Le voci su Guardiola hanno dato vita a flussi particolari della Borsa bianconera. Ora la Consob indaga.

Andrea Agnelli
Andrea Agnelli (©Getty Images)

Pep Guardiola non è mai stato una reale possibilità per la panchina della Juventus. Oggi è arrivata la conferma: Alberto Grassi, membro del consiglio di amministrazione del Manchester City, ha definito questa indiscrezione “una scemenza, una corbelleria che ha del ridicolo“.

Dichiarazioni forti quelle dell’avvocato, mai più vere.
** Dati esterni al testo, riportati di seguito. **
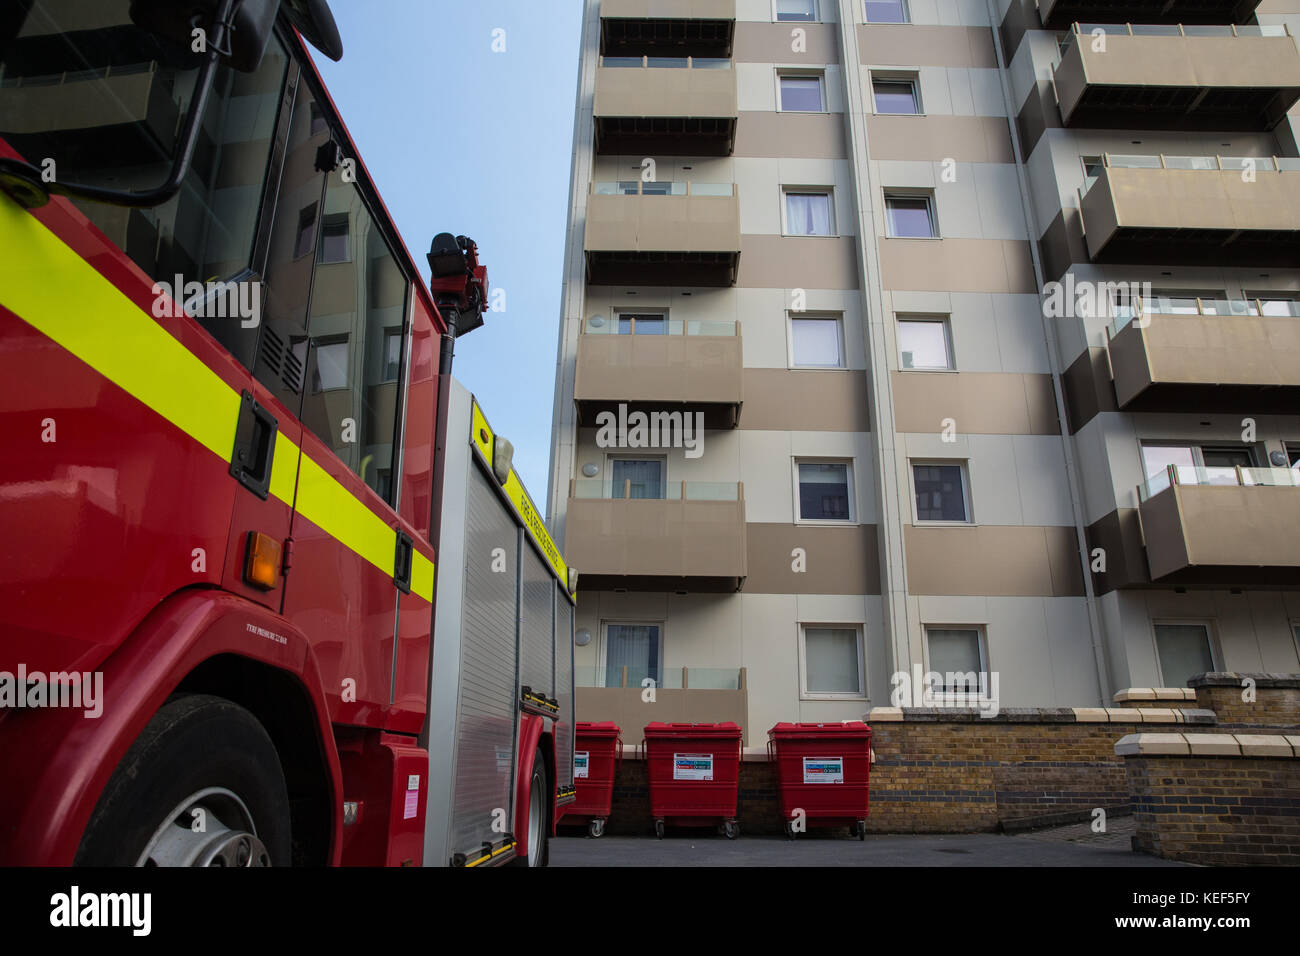 Slough, UK. 20th Oct, 2017. A fire engine and crew are keeping a 24-hour watch on privately-owned Nova House at an estimated cost to the taxpayer of £2,000 per day after post-Grenfell fire brigade and council investigations revealed unsafe cladding and multiple fire safety faults. Credit: Mark Kerrison/Alamy Live News Stock Photo

Parole che hanno fatto perdere terreno alla Juventus a Piazza Affari. La Borsa bianconera in questi giorni ha subito un andamento parecchio altalenante proprio a causa delle voci sul tecnico spagnolo. Fra ieri e stamattina, quando alcune fonti italiane hanno dato l’operazione per fatta – tanto da rivelare giorno dell’annuncio e della presentazione -, il titolo bianconero aveva guadagnato il 5%. Dopo le parole di Grassi, è passato in territorio negativo e cede lo 0,24% a 1,43 euro.

Un flusso particolare, dei veri e proprio ‘strappi’ che hanno attirato l’attenzione della Consob, la commissione nazionale per le società in Borsa, che sta monitorando e indagando l’operatività del titolo (cioè chi compra e chi vende) e i flussi di informazione che lo stanno muovendo. Questi movimenti sono iniziati già nel giorno dell’annuncio dell’addio di Massimiliano Allegri, raggiungendo oltre l’8%. Il titolo oggi si muove in controtendenza, ma a spingere gli acquisti sul titolo sono proprio le voci riguardanti Guardiola.